Material provided.
-=-=-

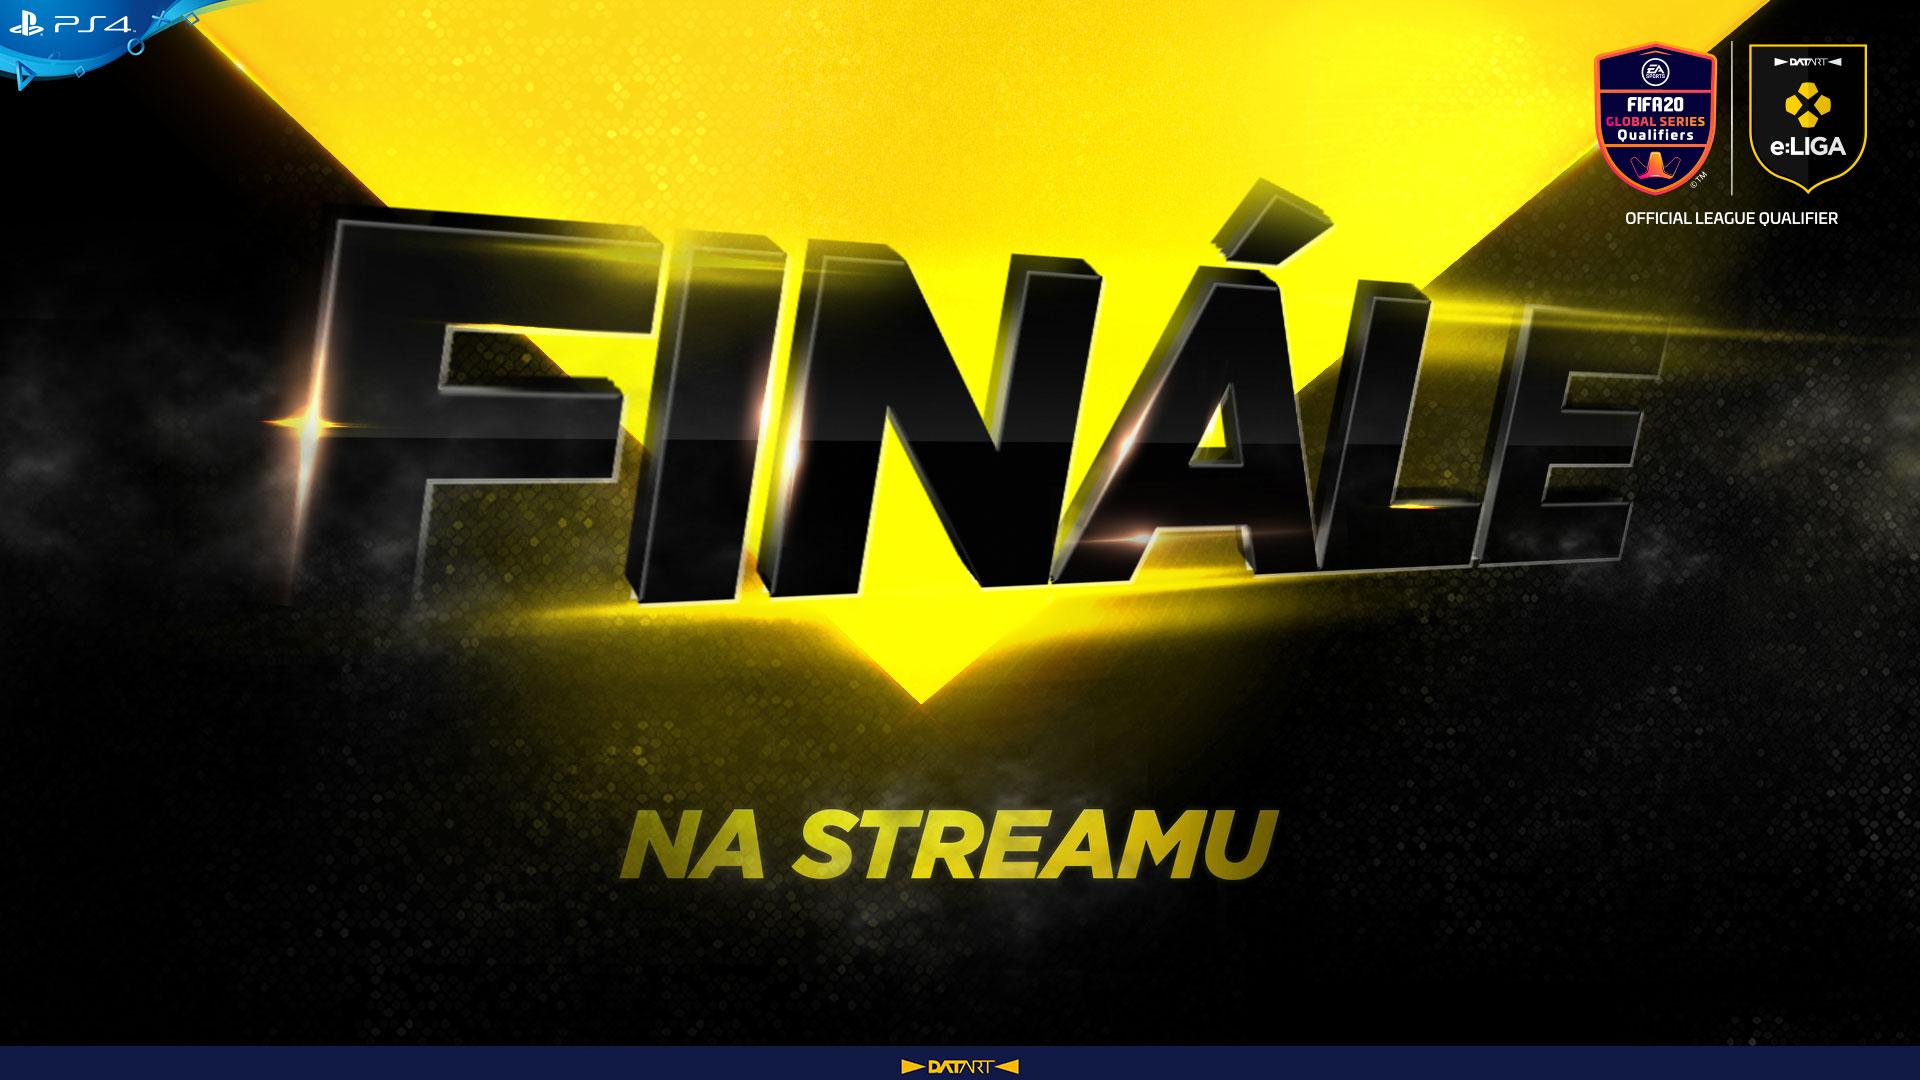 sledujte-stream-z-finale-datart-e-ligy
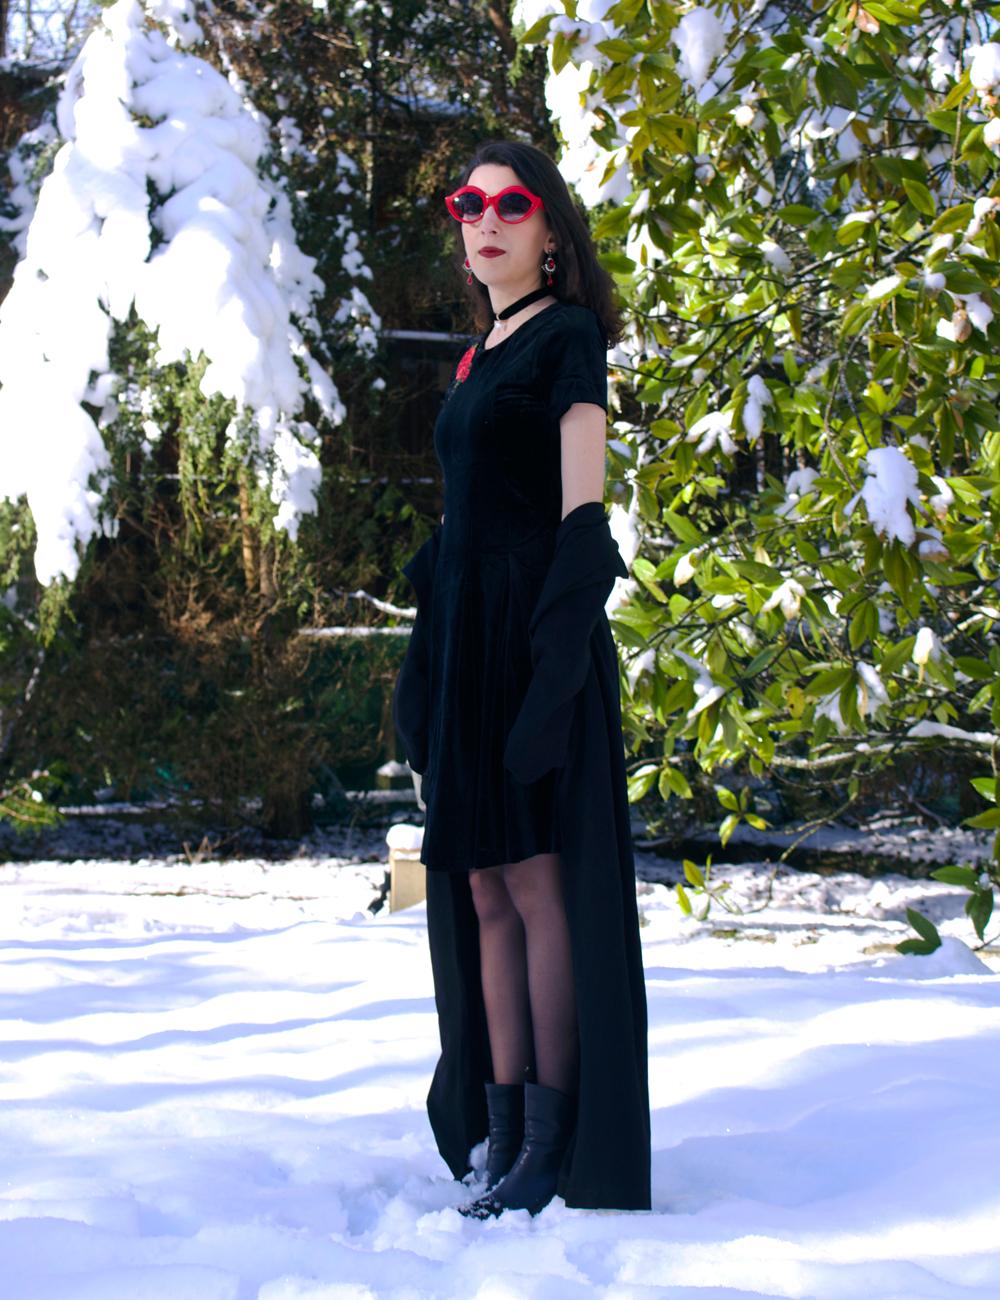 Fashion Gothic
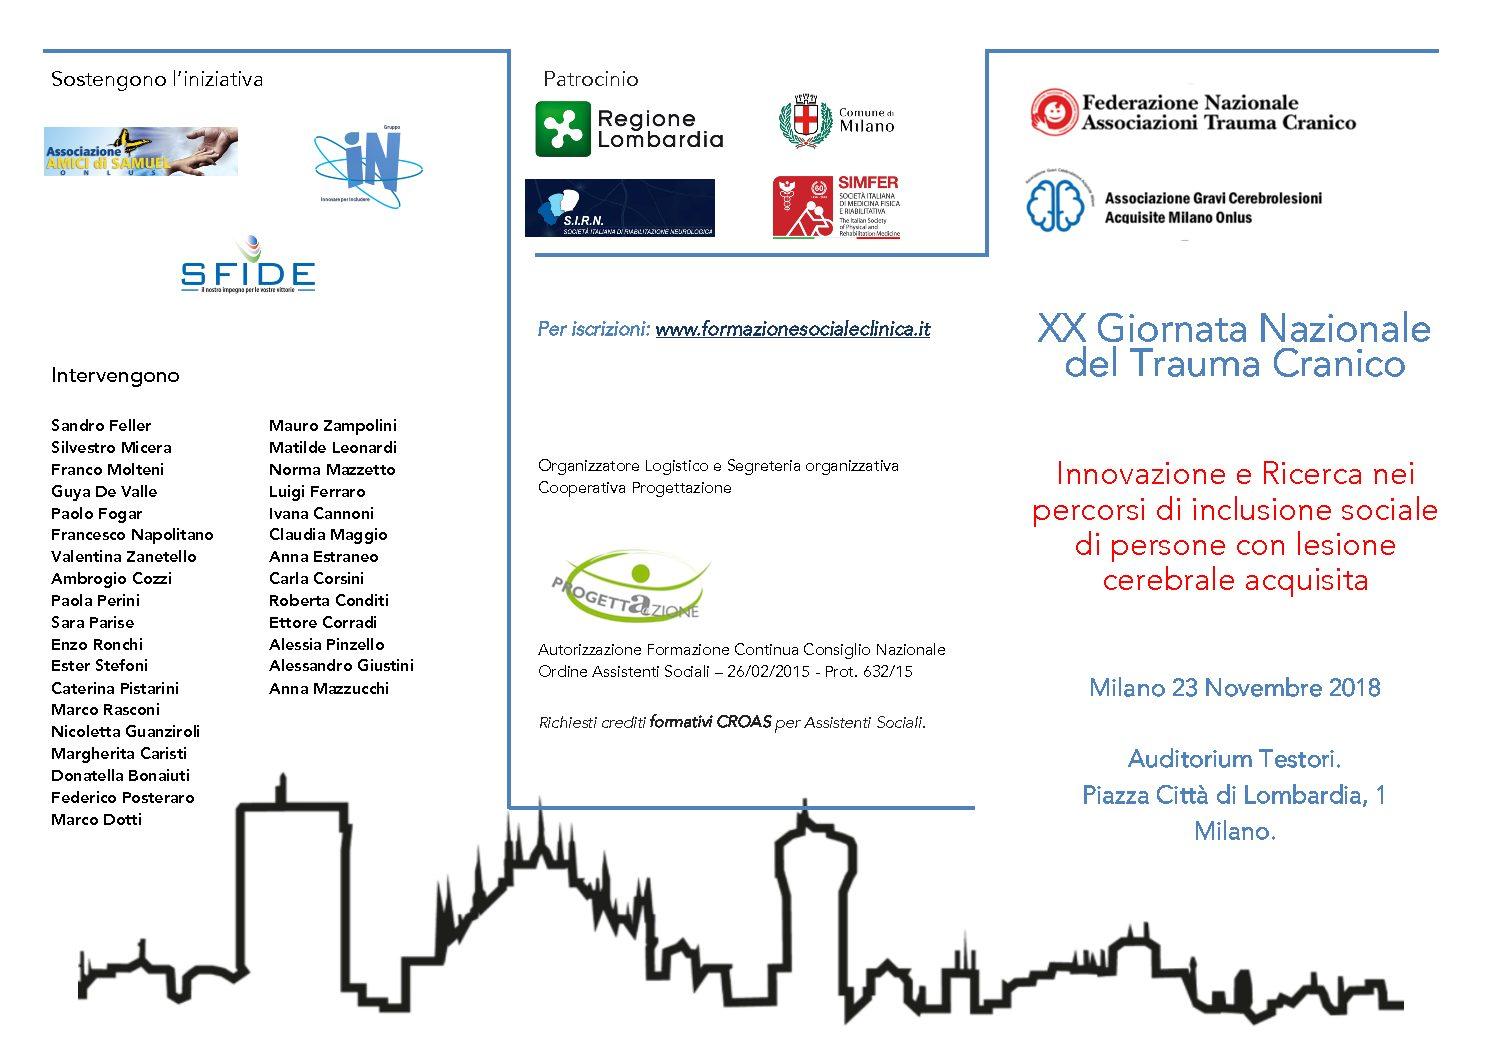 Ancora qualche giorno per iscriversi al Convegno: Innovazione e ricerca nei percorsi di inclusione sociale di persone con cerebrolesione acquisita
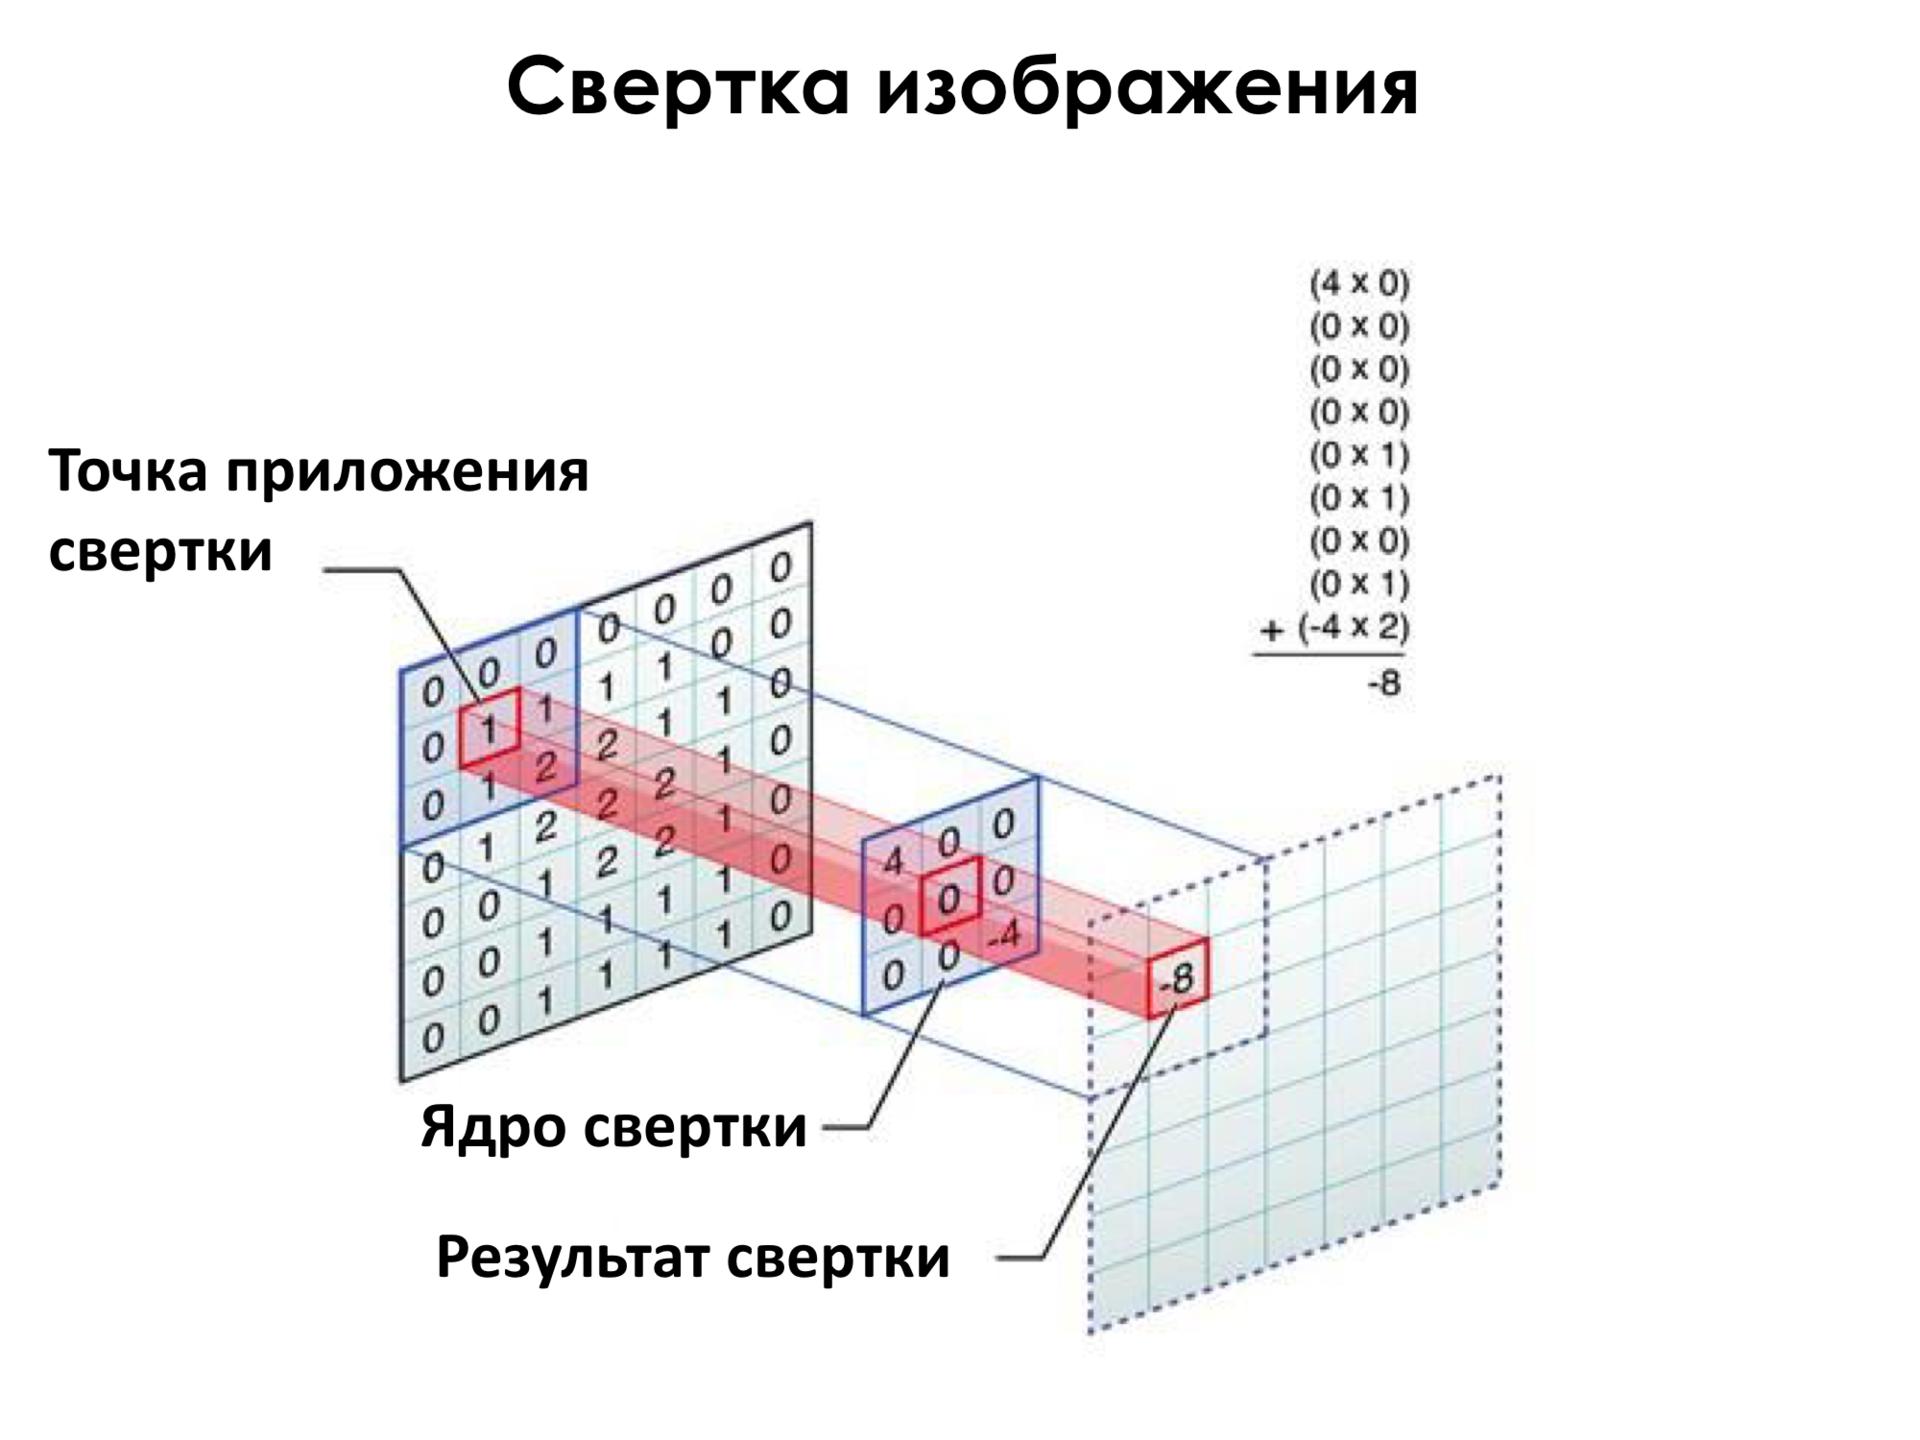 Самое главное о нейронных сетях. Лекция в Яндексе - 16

-=-=-

Problem to work on. Reproduce every line of the data above, exactly as it stands, but not the pictures.

Response.
 sledujte-stream-z-finale-datart-e-ligy
 Fashion Gothic
 Ancora qualche giorno per iscriversi al Convegno: Innovazione e ricerca nei percorsi di inclusione sociale di persone con cerebrolesione acquisita
 Самое главное о нейронных сетях. Лекция в Яндексе - 16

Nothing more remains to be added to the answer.